— EXERCISE —
Your reply should reproduce all the data below exactly while excluding the pictures.

— INPUT DATA —
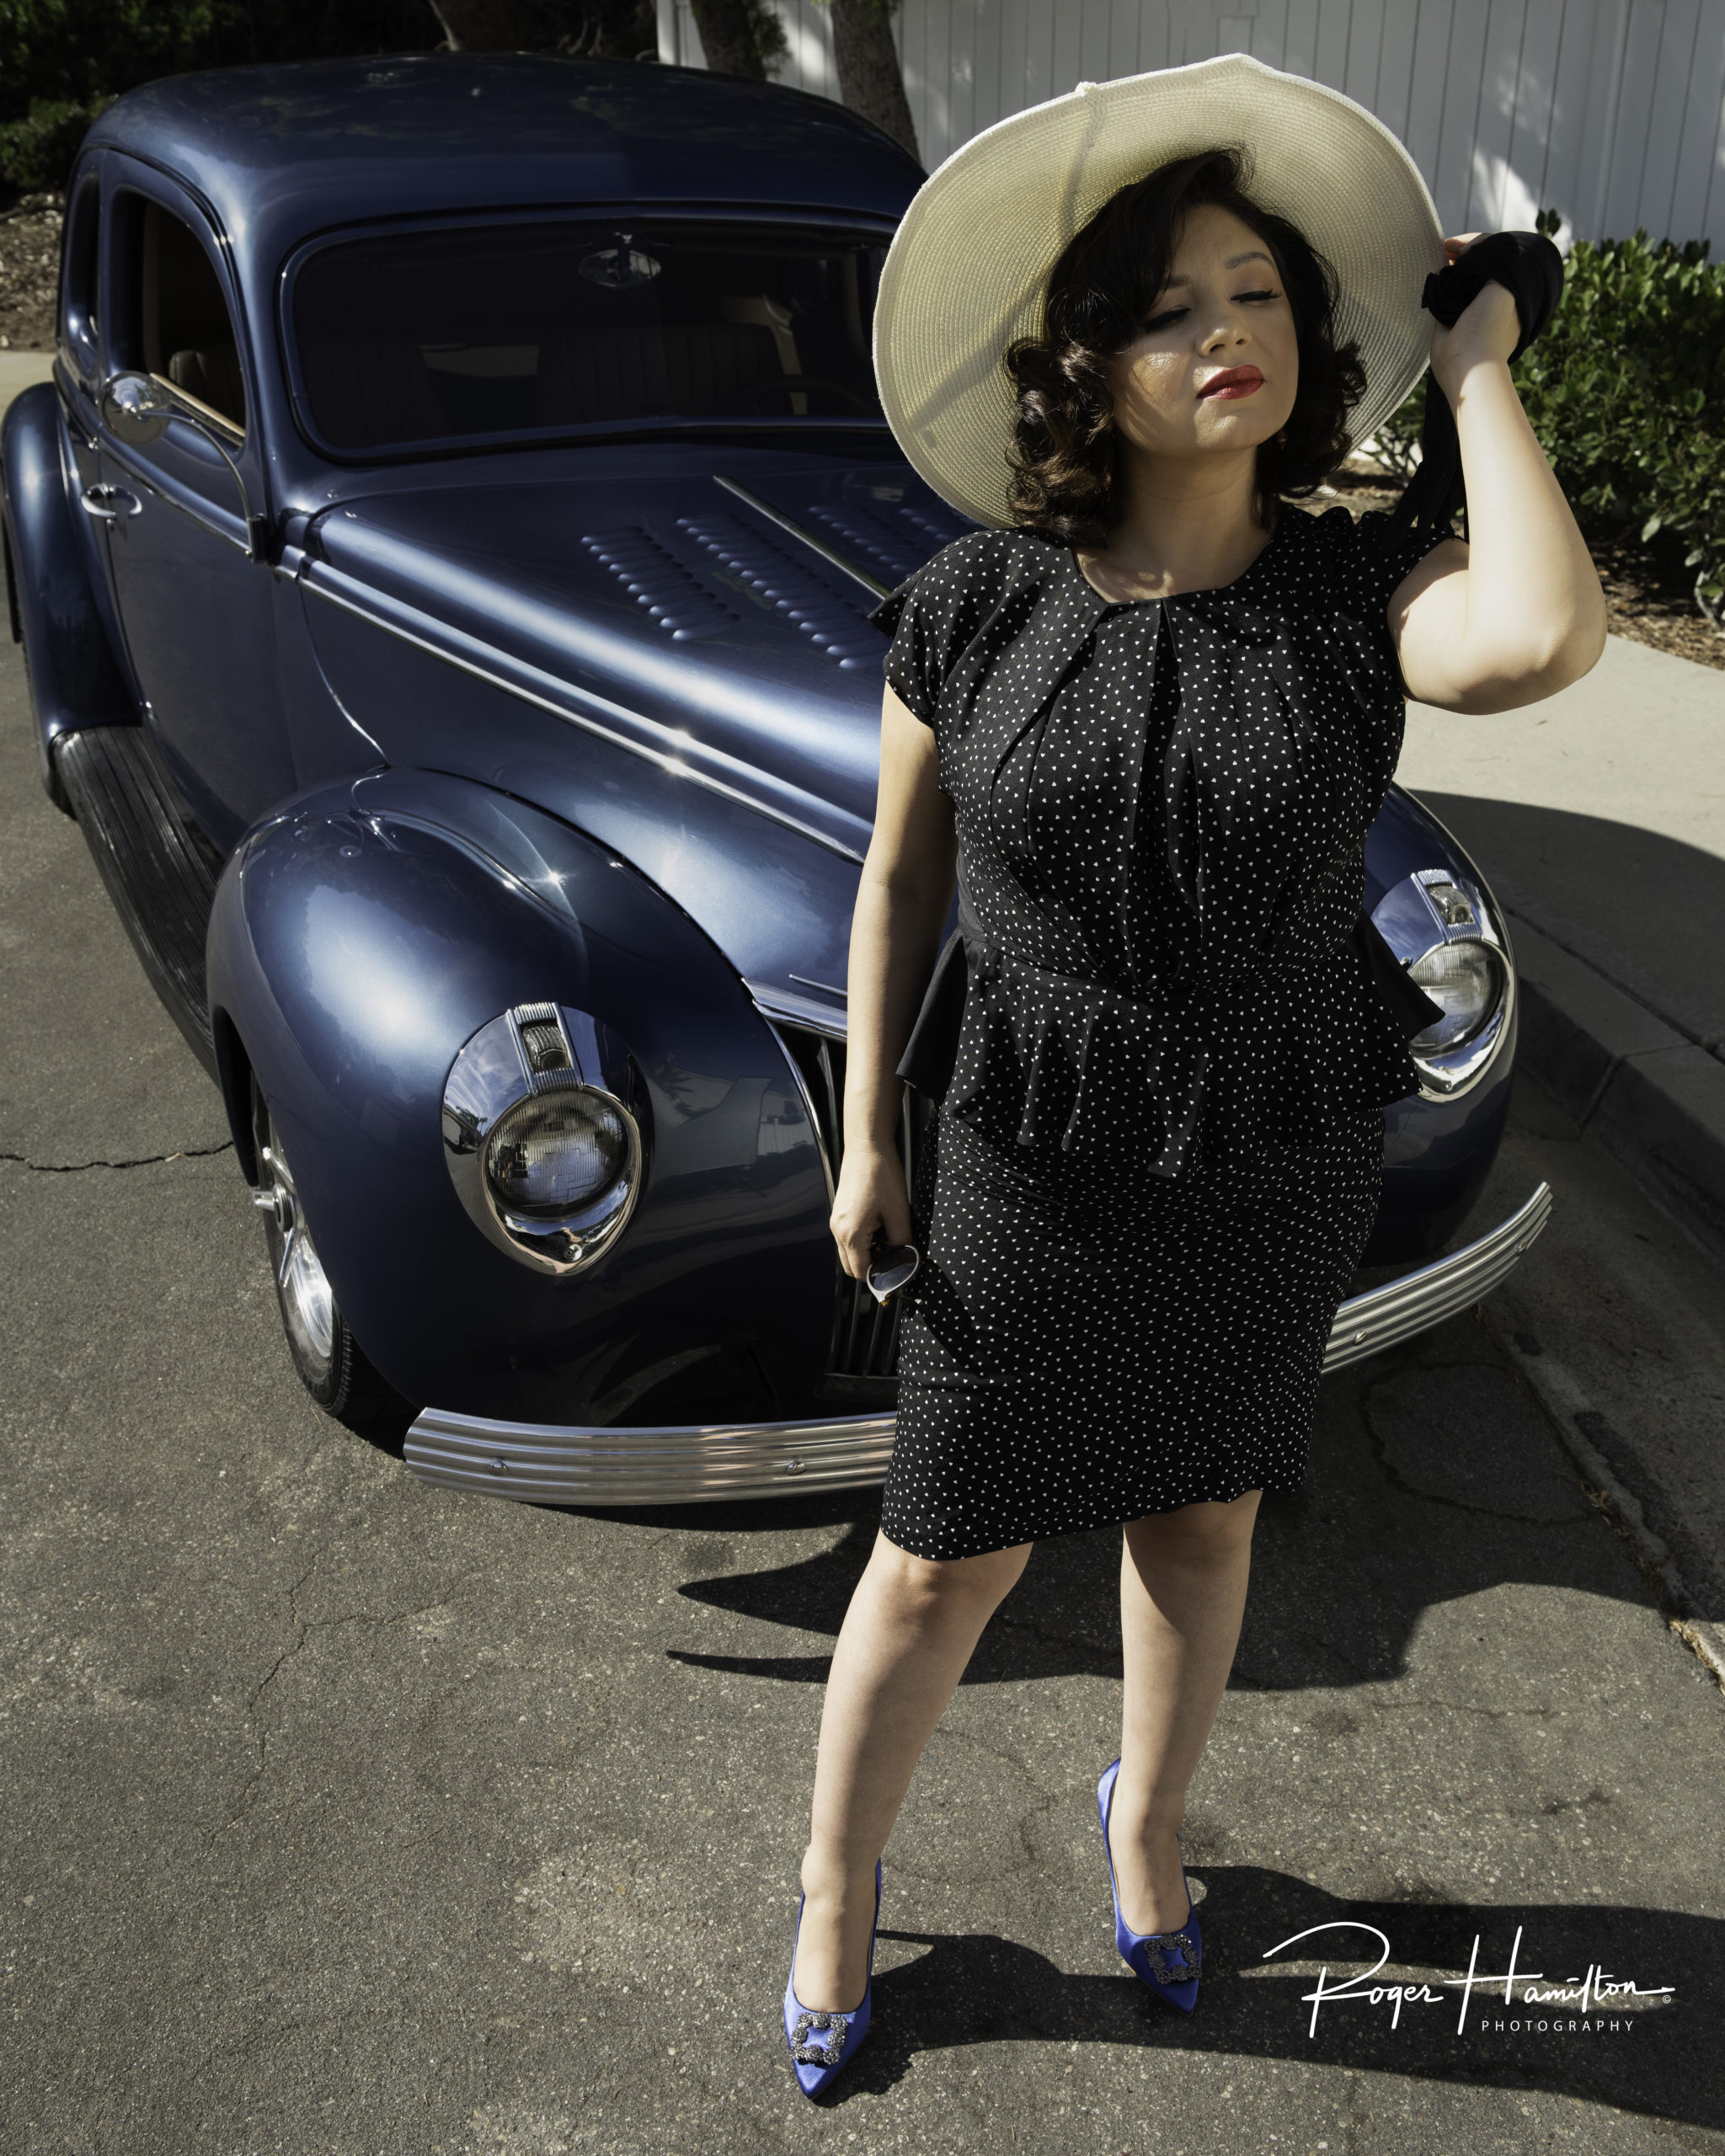 Patricia rocking the 1940s look in front of a vintage car
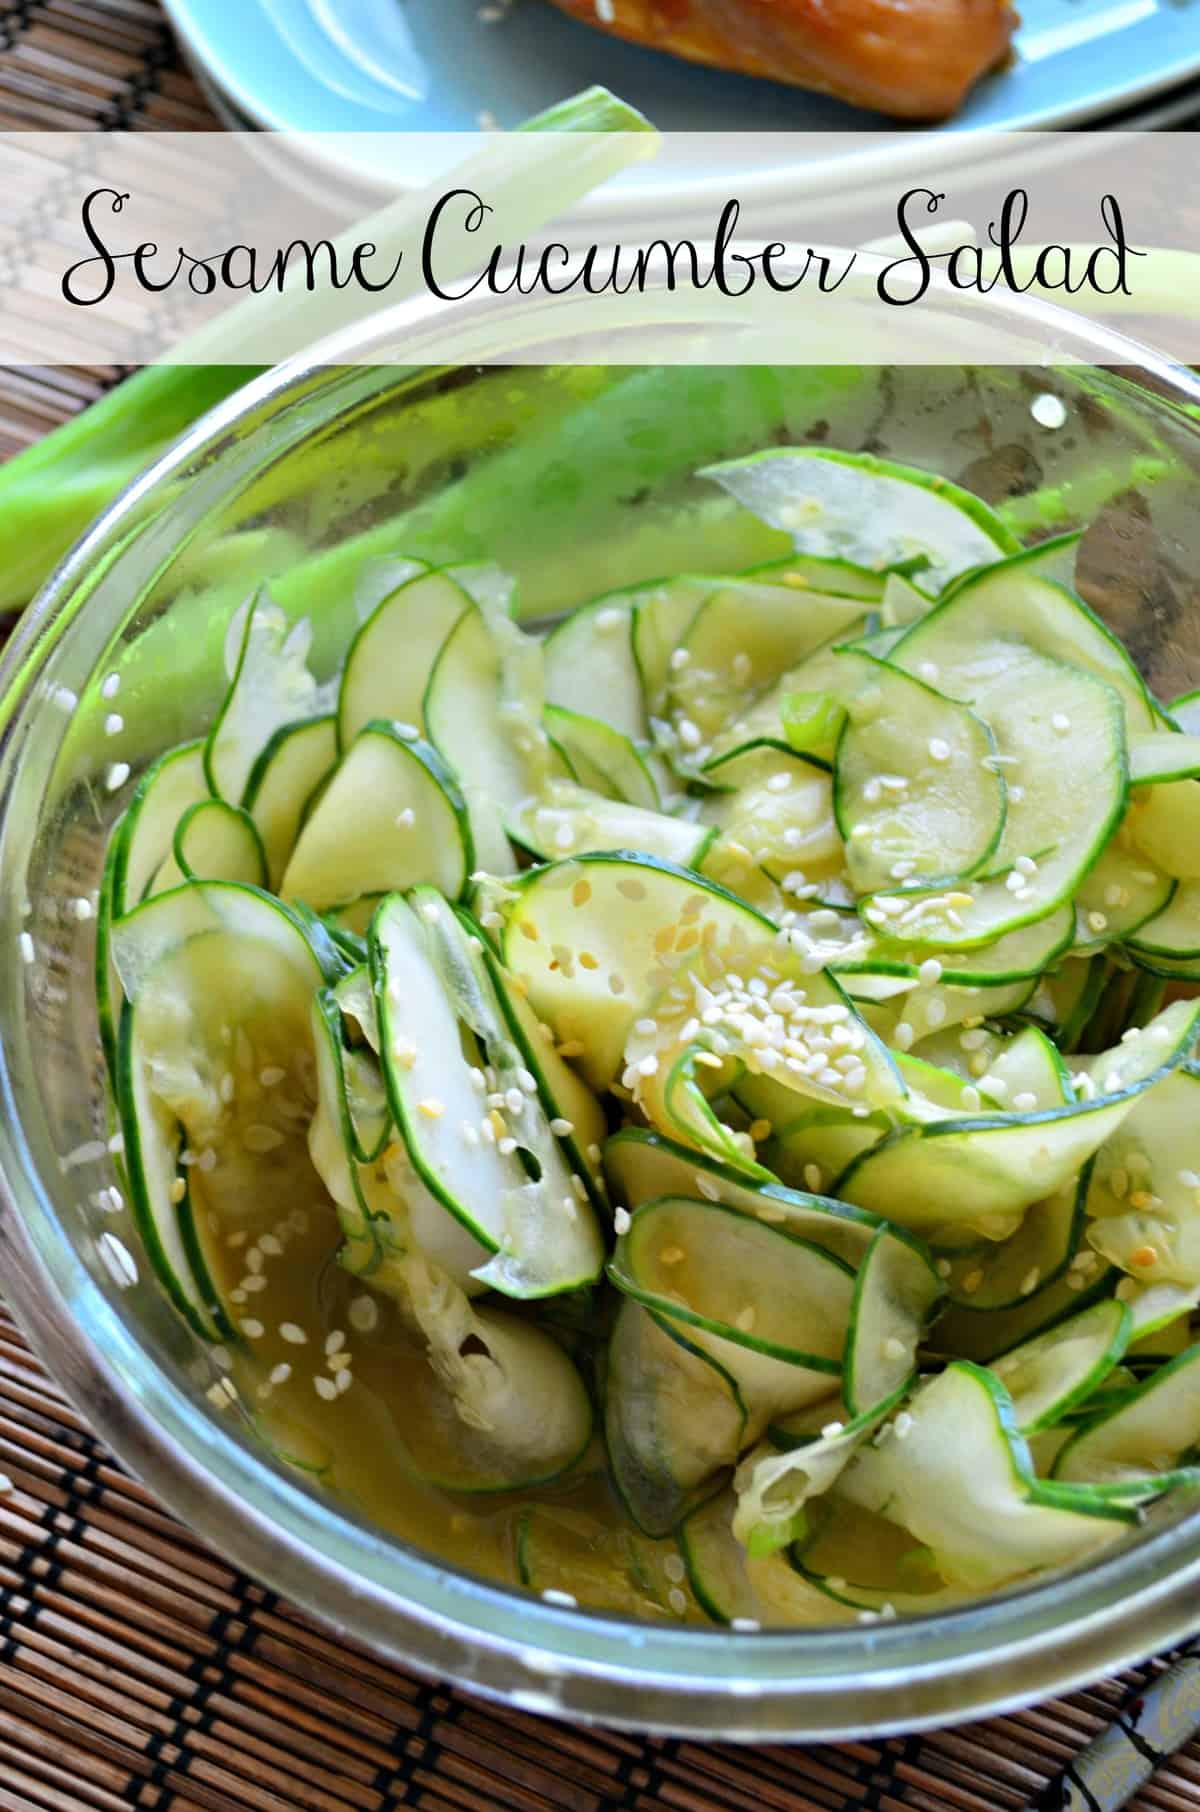 Close up of thinly sliced cucumbers with sesame seeds in a glass bowl with text on image.
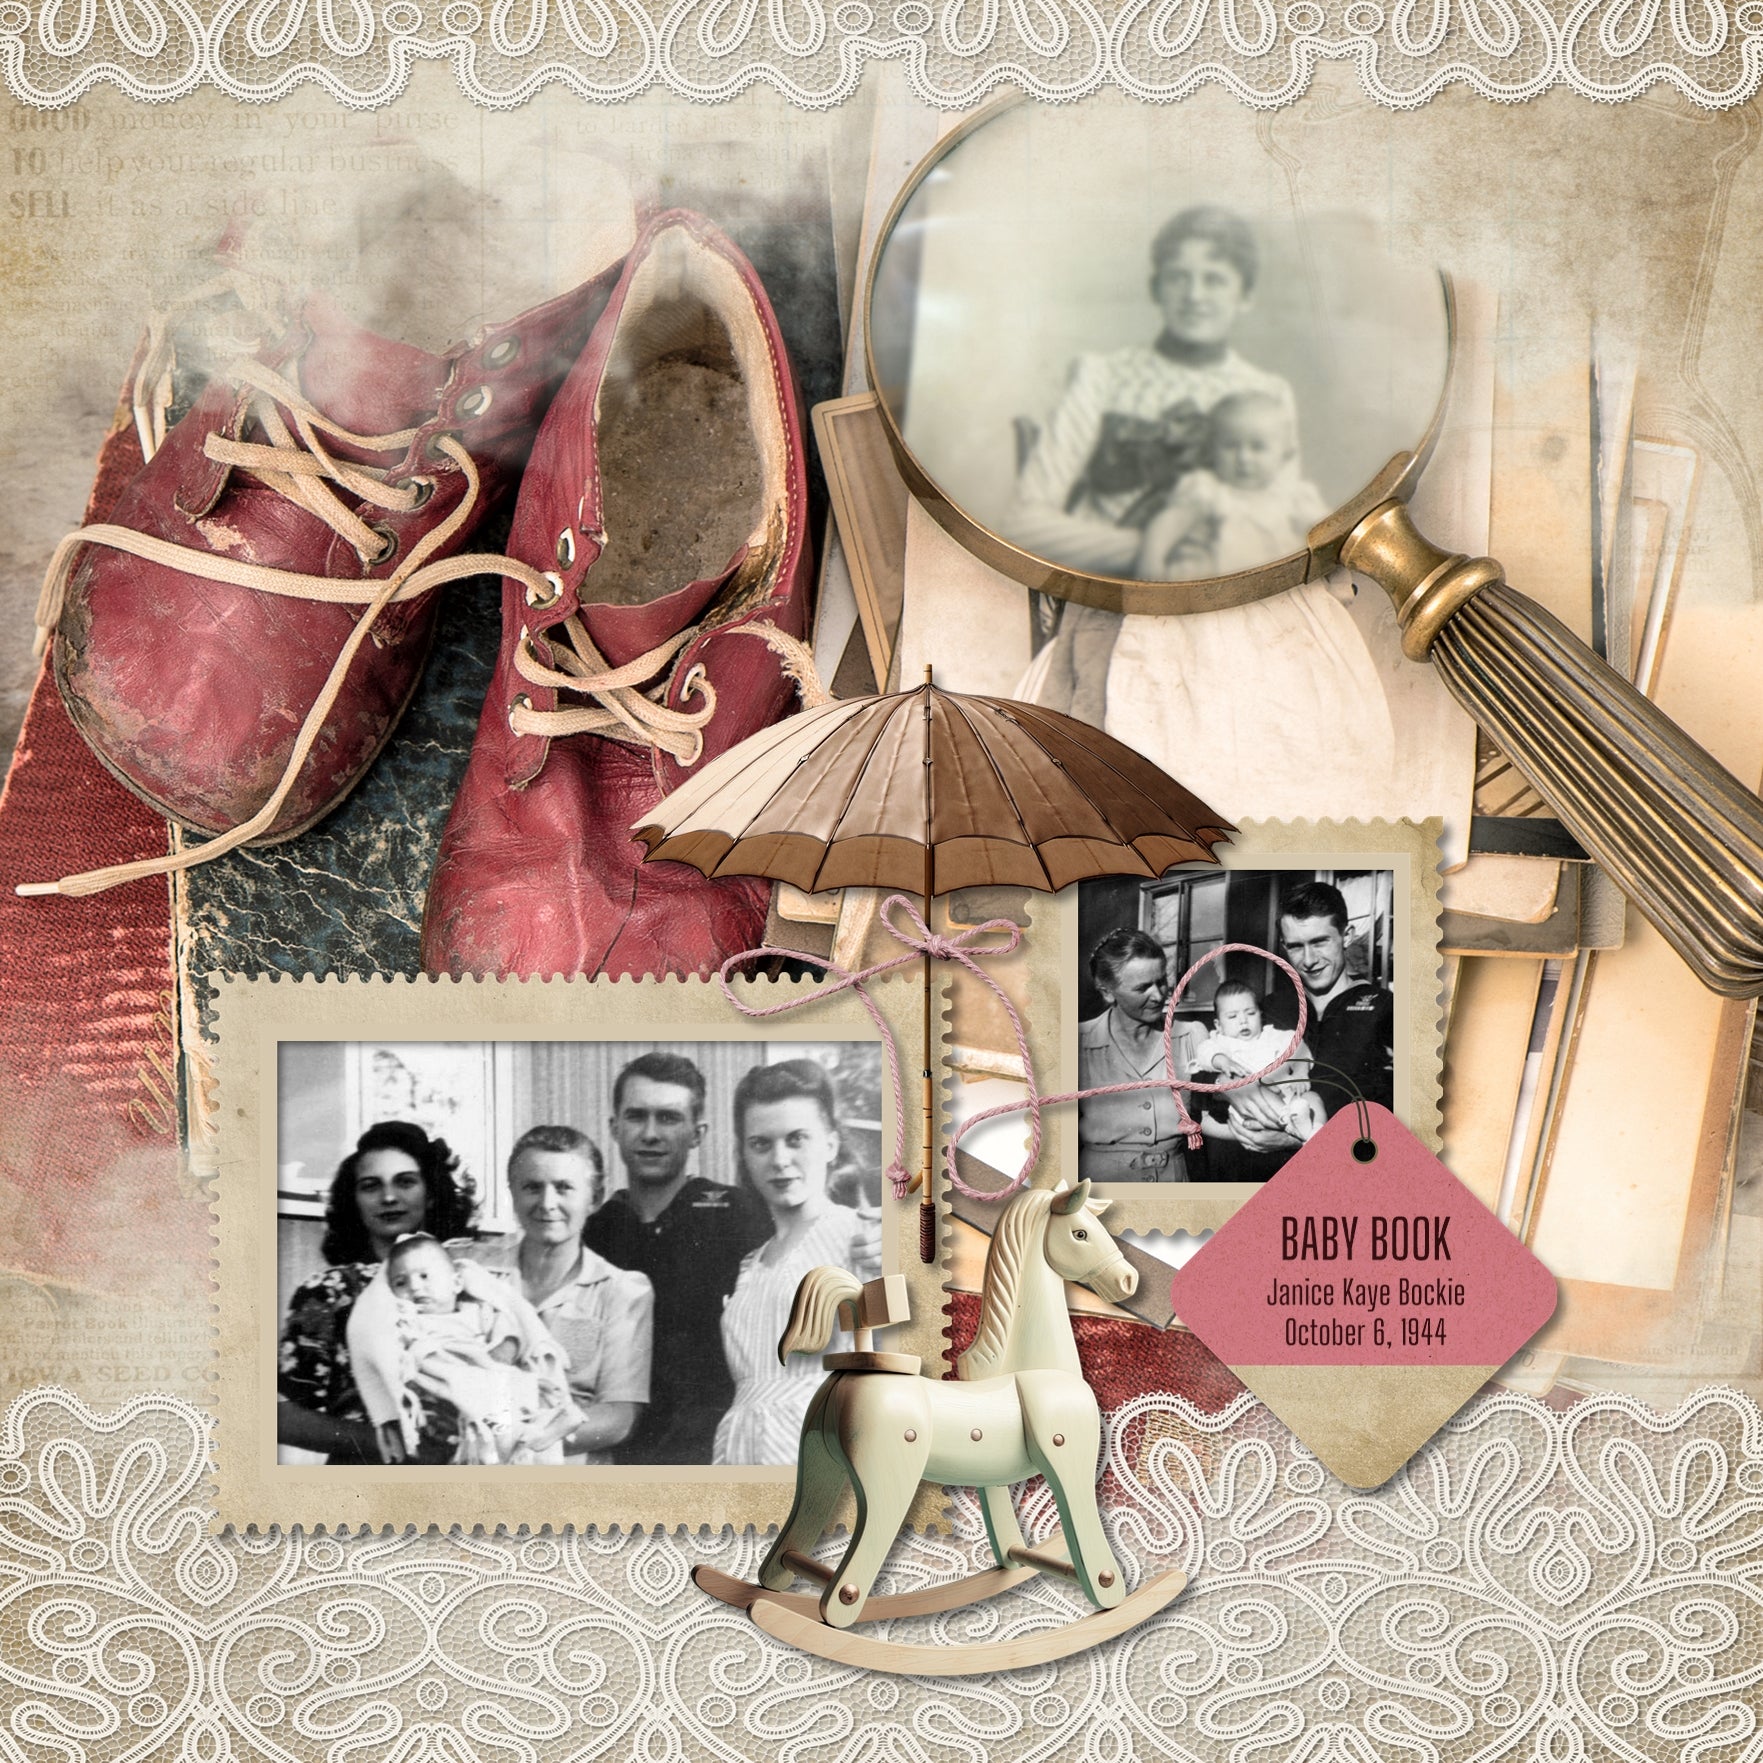 Great for genealogy and family history albums and keepsake digital art pages, these masked photo overlays by Lucky Girl Creative digital art are perfect for layering with your antique photographs to give that realistic vintage look. With transparent edges, these masked photographs blend seamlessly into any background paper and make the perfect backdrop to showcase your treasured finds from a flea market, vintage market, rummage or garage sale.

— EXERCISE RESPONSE —
 Patricia rocking the 1940s look in front of a vintage car
 Close up of thinly sliced cucumbers with sesame seeds in a glass bowl with text on image.
 Great for genealogy and family history albums and keepsake digital art pages, these masked photo overlays by Lucky Girl Creative digital art are perfect for layering with your antique photographs to give that realistic vintage look. With transparent edges, these masked photographs blend seamlessly into any background paper and make the perfect backdrop to showcase your treasured finds from a flea market, vintage market, rummage or garage sale.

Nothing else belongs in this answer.